Что такое GAN, какие архитектуры GAN знаете?
Комментарии (1)
Ответ сгенерирован нейросетью и может содержать ошибки
GAN: Генеративно-состязательные сети
GAN (Generative Adversarial Network) — это архитектура машинного обучения, состоящая из двух нейросетей, которые соревнуются между собой. Одна генерирует данные, другая их различает. Это привело к революции в генеративном моделировании.
Основной принцип
GAN состоит из двух сетей:
Generator (G) — принимает шумовой вектор и генерирует поддельные данные, стараясь обмануть дискриминатор
Discriminator (D) — классифицирует, является ли входное изображение реальным или поддельным
Они обучаются одновременно в процессе игры с нулевой суммой: G старается улучшить качество подделок, D старается их лучше различать. Оптимально, когда D не может отличить реальные данные от сгенерированных.

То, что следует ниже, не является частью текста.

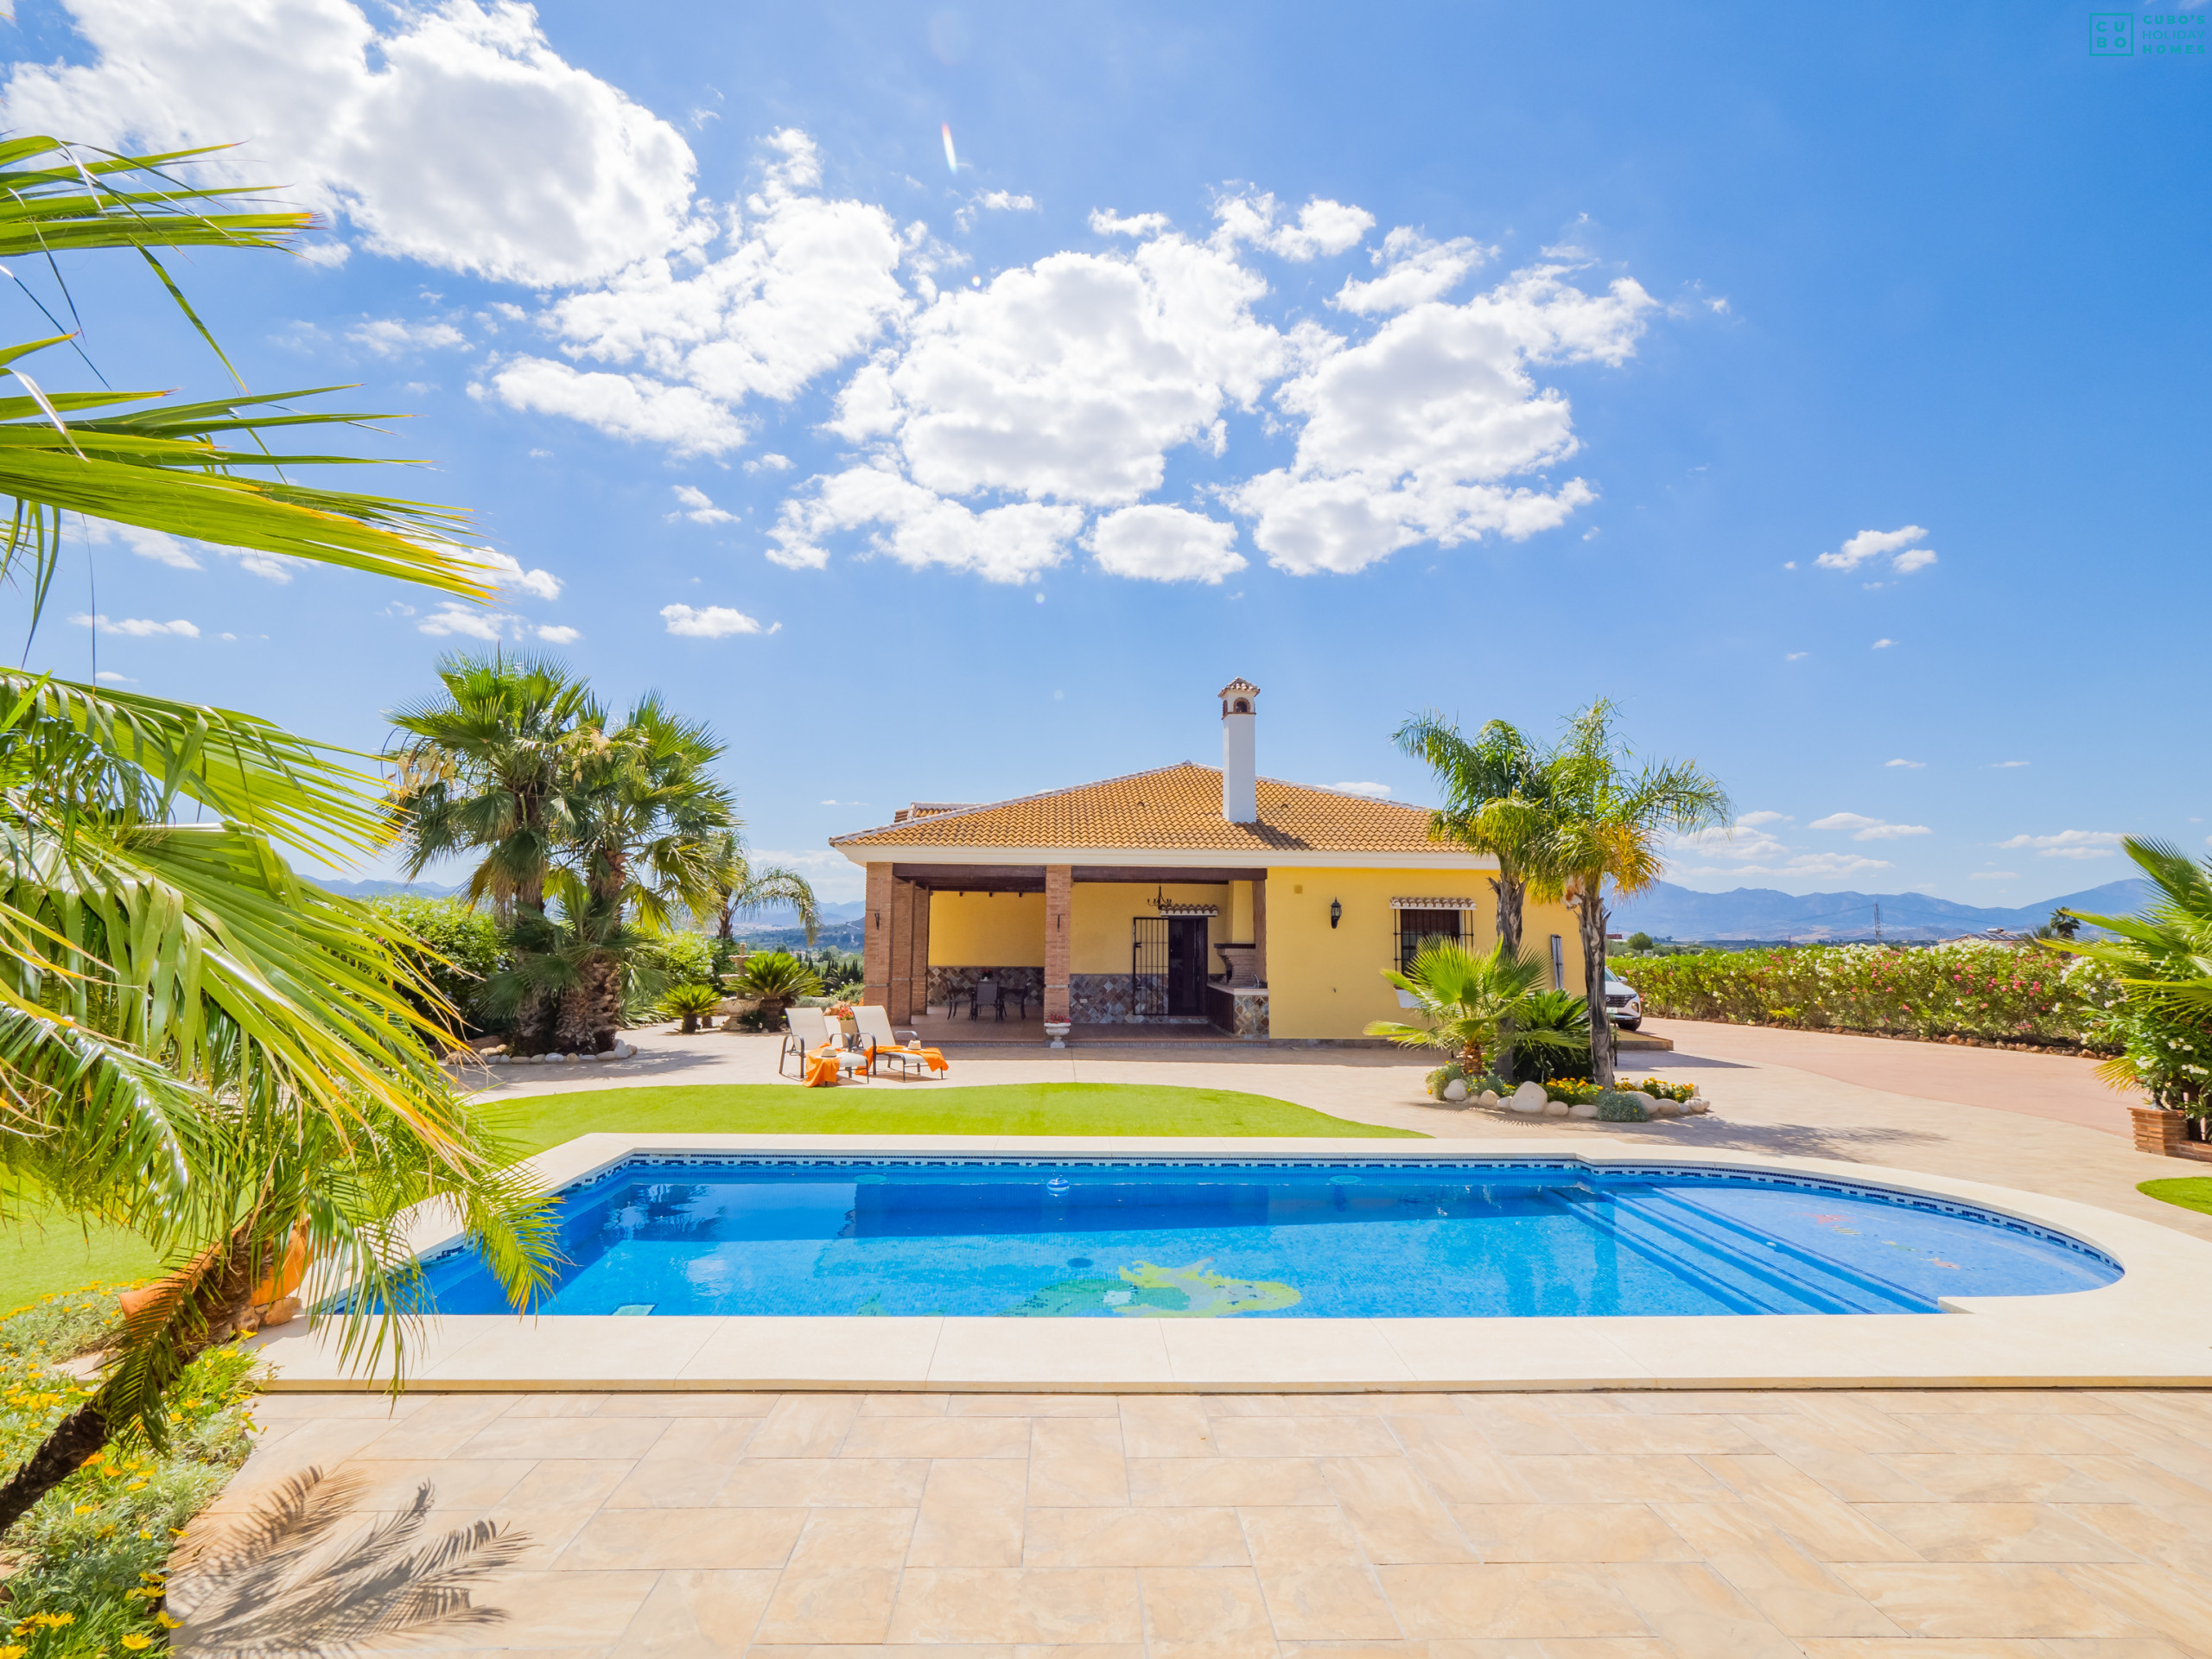 Alojamiento familiar con piscina privada en Málaga

Математическая формулировка
Целевая функция (minimax game):
min_G max_D V(D, G) = E_x[log D(x)] + E_z[log(1 - D(G(z)))]
Где:
- x — реальные данные
- z — вектор шума (latent space)
- D(x) — вероятность что x реальная
- G(z) — сгенерированные данные
Популярные архитектуры GAN
DCGAN (Deep Convolutional GAN)
- Использует свёрточные слои вместо полносвязных
- Значительно улучшила качество генерации изображений
- Architecture: Conv2d для G и D вместо Dense слоёв
Conditional GAN (cGAN)
- Добавляет условие (label) к обеим сетям
- Позволяет контролировать класс генерируемых данных
- G(z, c) и D(x, c) - принимают условие c
Wasserstein GAN (WGAN)
- Решает проблему нестабильного обучения стандартного GAN
- Использует метрику Вассерштейна вместо JS divergence
- Позволяет отследить качество обучения через loss функцию
StyleGAN / StyleGAN2
- Введение стиля и контроля на разных уровнях
- AdaIN (Adaptive Instance Normalization) для контроля деталей
- Исключительное качество синтеза лиц человека
CycleGAN
- Неспаренный перевод между доменами (unpaired image-to-image translation)

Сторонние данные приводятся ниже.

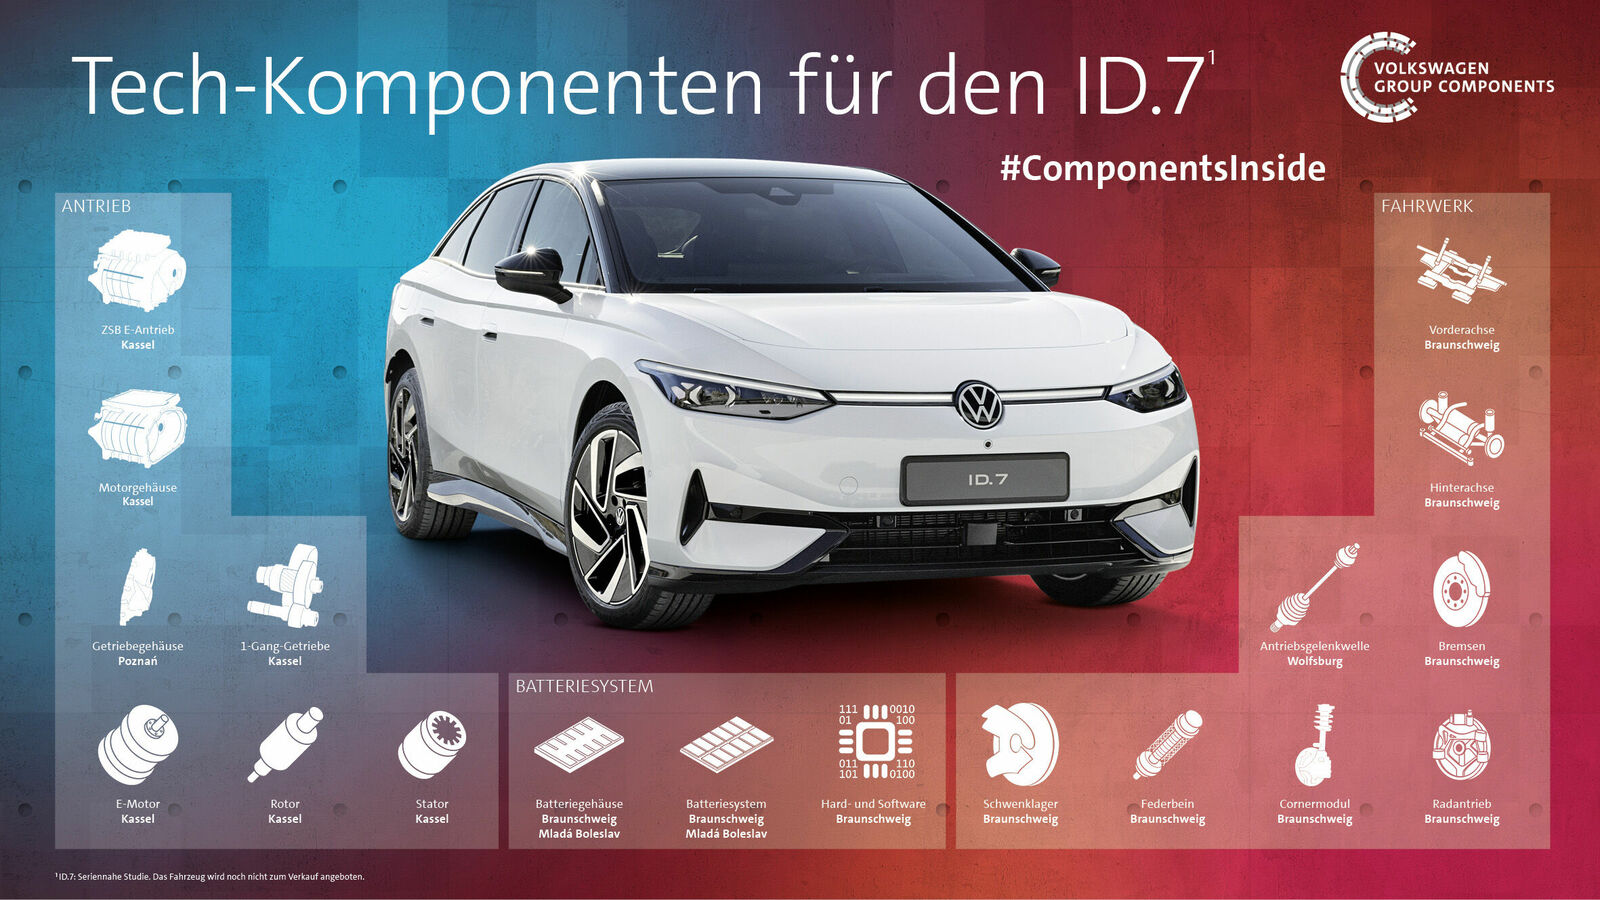 Volkswagen Group Technology: Mit der Bündelung von Kompetenzen zur Technologieführerschaft in der E-Mobilität

- Например: фото→картина, день→ночь, лошадь→зебра
- Использует cycle consistency loss
Pix2Pix
- Спаренный перевод между доменами (paired image-to-image translation)
- Условный GAN с архитектурой U-Net
- Требует наличие пар изображений для обучения
ProgressGAN
- Постепенное увеличение разрешения во время обучения
- Стабилизирует обучение и ускоряет конвергенцию
- Позволяет генерировать очень высокого разрешения изображения
BigGAN
- Масштабирование GAN на большие наборы данных (ImageNet)

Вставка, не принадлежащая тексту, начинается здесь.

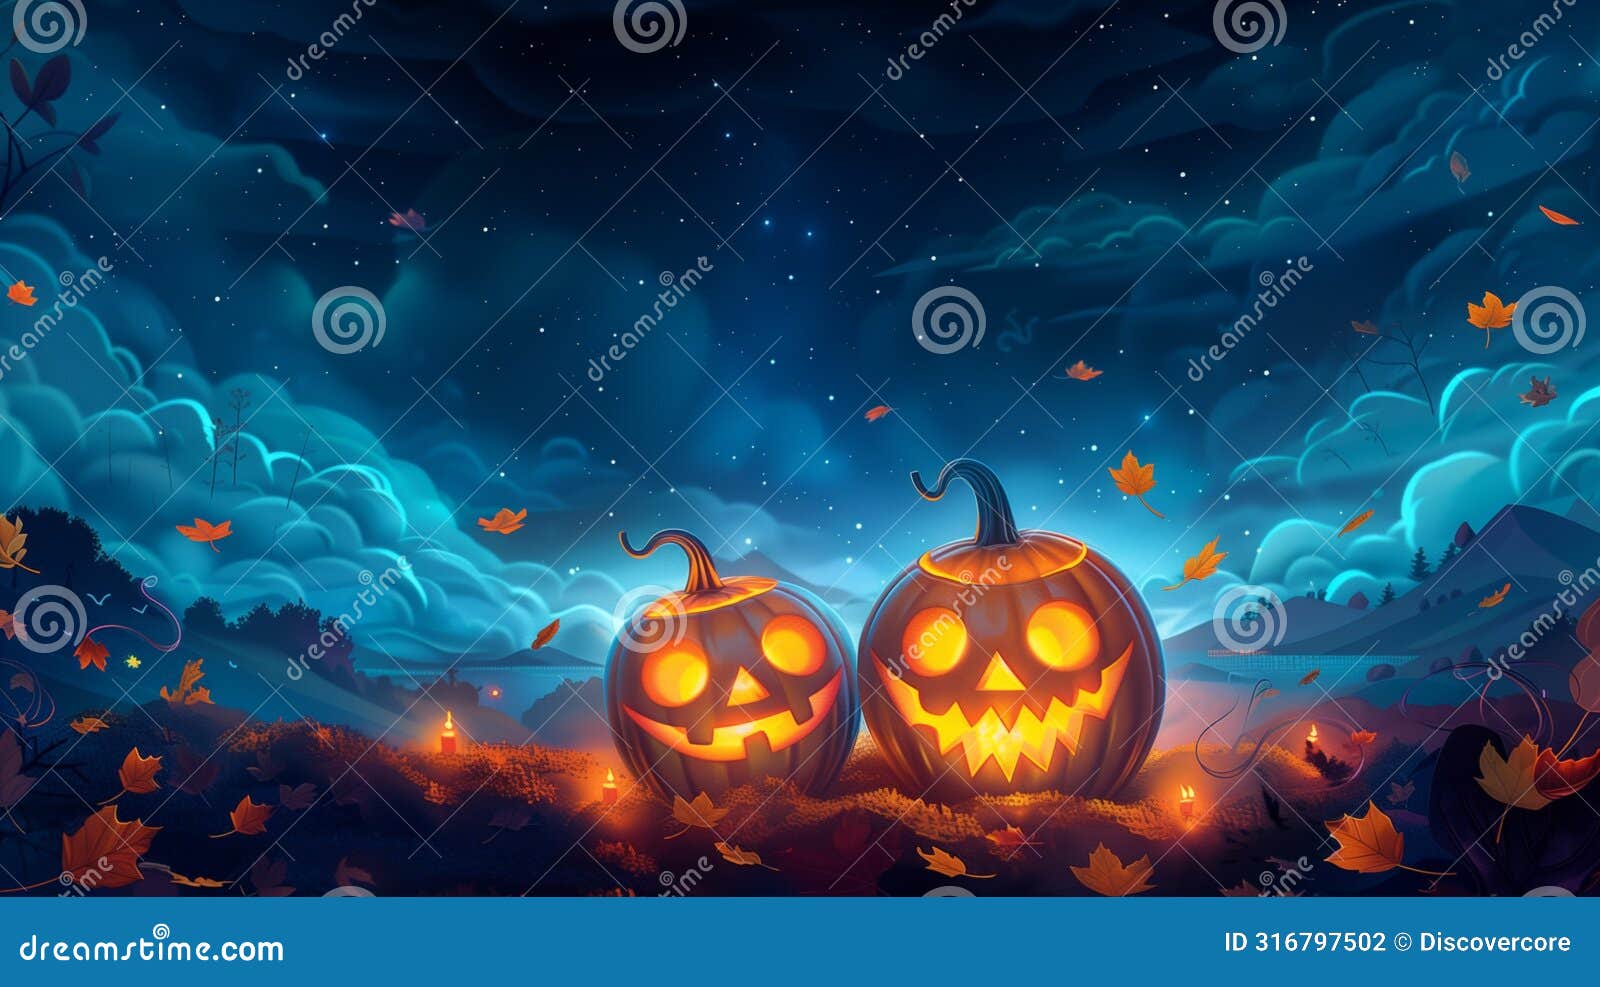 magical halloween night: playful pumpkin s

- Улучшенная архитектура и техники обучения
- Exceptional quality но требует много ресурсов
Проблемы и вызовы при обучении GAN
Mode Collapse — генератор учится генерировать только несколько вариантов, не исследуя весь latent space
Нестабильность обучения — баланс между G и D сложен, часто одна доминирует
Требовательность к ресурсам — обучение GAN требует значительных вычислительных мощностей и памяти
Оценка качества — сложно оценить качество генерации (используют Inception Score, FID)
Практические применения
- Синтез изображений (генерация портретов, ландшафтов)
- Super-resolution (улучшение качества изображений)
- Style transfer и художественные трансформации
- Data augmentation для малых наборов данных
- Anomaly detection через reconstruction error
- 3D моделирование и синтез видео
GAN остаются одной из самых мощных и интересных областей в глубоком обучении, постоянно эволюционируя и находя новые применения.